The recent commodities sell off and market slump we have seen over the past few weeks has created a buying opportunity in a great long-term play. Coal use in the United States is not going anywhere in the forseeable future. The volatility of oil prices and high cost of solar power have strengthened the position coal has in helping provide world energy demands in the future. Peabody Energy (NYSE:BTU) looks poised to gain from increased coal demand.
First, some basics. Peabody is the world's largest private-sector coal company with a market capitalization of $15.4 billion. The company provides 2% of the worldwide electricity and 10% of U.S. electricity. The company operates in four segments: Australian mining, western U.S. mining,eastern U.S. mining, and trading/brokerage. The stock has a 52 week high of $72.95 and a 52 week low of $38.08.
Let's now delve into why Peabody looks like an attractive long-term investment.
Coal Demand Remains Strong
Coal is part of the American pastime and it will remain a valuable part of America's energy future. The U.S. Energy Information Association reports that 21% of U.S. energy consumption in 2010 was from coal. Coal reserves in the United States are estimated at 200 years and nearly 93% of coal usage is used to fuel electricity power. The costs of turning coal into electricity also remain cheaper than natural gas and coal prices have historically remained stable.
There remain environmental concerns about burning coal, the emissions that are produced and landscape destruction. Yet, the United States has spent over $90 billion investing in clean coal technologies.

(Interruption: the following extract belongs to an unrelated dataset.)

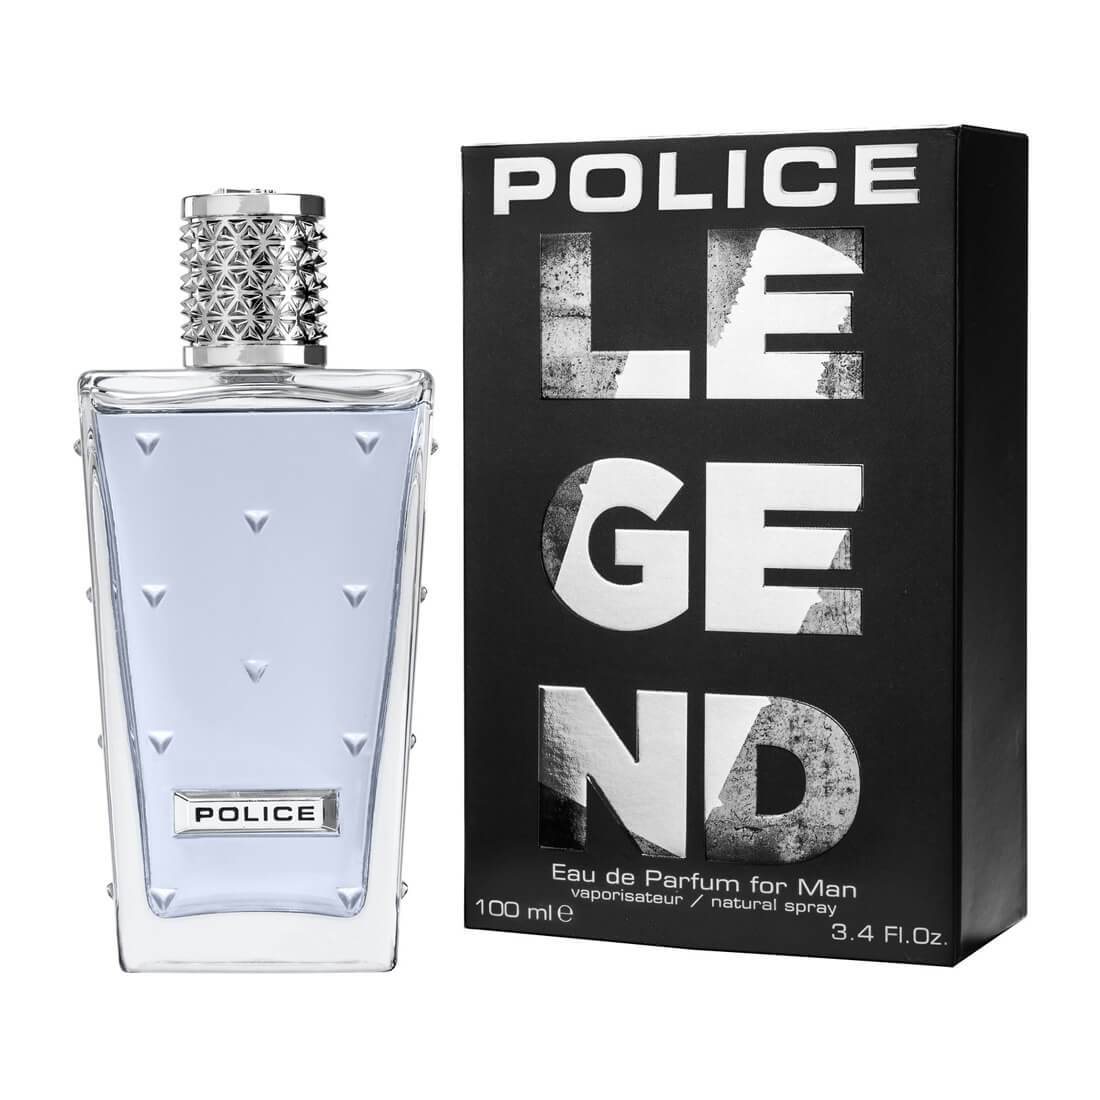 Police Legend Eau de Parfum For Man 100ml

Technologies that now exist make it possible to take out 98% of sulfur dioxide generated and 90% of mercury emitted when coal is burned. Using coal to produce energy over time has become cleaner and more environmentally friendly.
Internationally, coal demand will continue to increase with much of the demand coming from Asia. China continues to grow and India's thermal coal imports are up 33% in the past year. Demand from other Pacific rimmed nations is expected to grow 75% in the next five years. Additionally, more than 770 gigawatts, roughly 2.5 billion tons of coal, of power plants are planned or under construction with much of that growth coming from Asia.
While demand is rising in Asia, supply remains tight. Weather, in particular harsh rains, have diminished supplies in four continents over the past year. Analysts also expect Asia-Australia demand will continue to grow over the next 5 years and will make up 80% of the world's seaborne supply demand. The fact remains that coal production must catch up to meet future coal demand.
Why Peabody Will Benefit
Peabody is the world's largest private coal company and their international exposure has positioned themselves to benefit from increased Asian demand. The company has 28 operations in the United States and Australia and their operations in Australia allow them to sell tons of coal directly to emerging economies. In 2011, the company is targeting a 15% increase in Australian exports.
In the short-term, Peabody's Australian coal segments have reached settlements to provide 3 million tons of metallurgical coal and 4-5 millions tons of thermal coal. These settlements will protect 2011 earnings and 2012 volumes of both types are already leveraged.
As the global economy picks up and Asian demand increases, Peabody will be positioned to gain from the increased demand. In the United States, investments in clean coal technologies will help ensure that coal use continues to play a major part in America's energy use.
The company has a P/E of 17.9 and a TTM P/E of 18.9. They have $1.4 billion in cash and short-term investments; capital spending for the year is expected to be $900 million and geared towards growth projects. Currently the company also offers a .6% yield which is nothing to brag about.
Looking at the latest quarterly earnings report, operating profit was up 22% and net income increased 32%. Australian revenues were up 30% and total sales volume of coal was up 5%. EBITDA was also up 17% to $417 million. One gray note appears to be the company's net profit margins stand at 12%, less than industry peers.
Nothing in particular jumps out when looking at their valuation and balance sheet. The company has some significant debt and little FCF, yet the quarterly earnings report indicates that they are continuing to grow and benefit from increased coal demand. If the company does partake in significant growth/acquisition financed through significant debt, then they appear to have a pretty solid grounding heading into the future.
Coal still remains one of the cheapest forms of energy and coal supplies remain plentiful. Coal demand will continue to increase due to growing energy demands in Asia and the volatility of high oil prices. Peabody remains a strong pick to benefit from increased coal demand because of their exposure to emerging markets. Coal demand also looks to remain strong in the United States.
I am not the only one who is bullish on Peabody and coal. This past week, Goldman Sachs upgraded the coal sector to Attractive. Goldman Sachs noted that higher oil prices and modest growth in global GDP will help the sector in the near-term.
To conclude, I remain bullish on Peabody and coal and see it as a great long-term investment.
Disclosure: I have no positions in any stocks mentioned, and no plans to initiate any positions within the next 72 hours.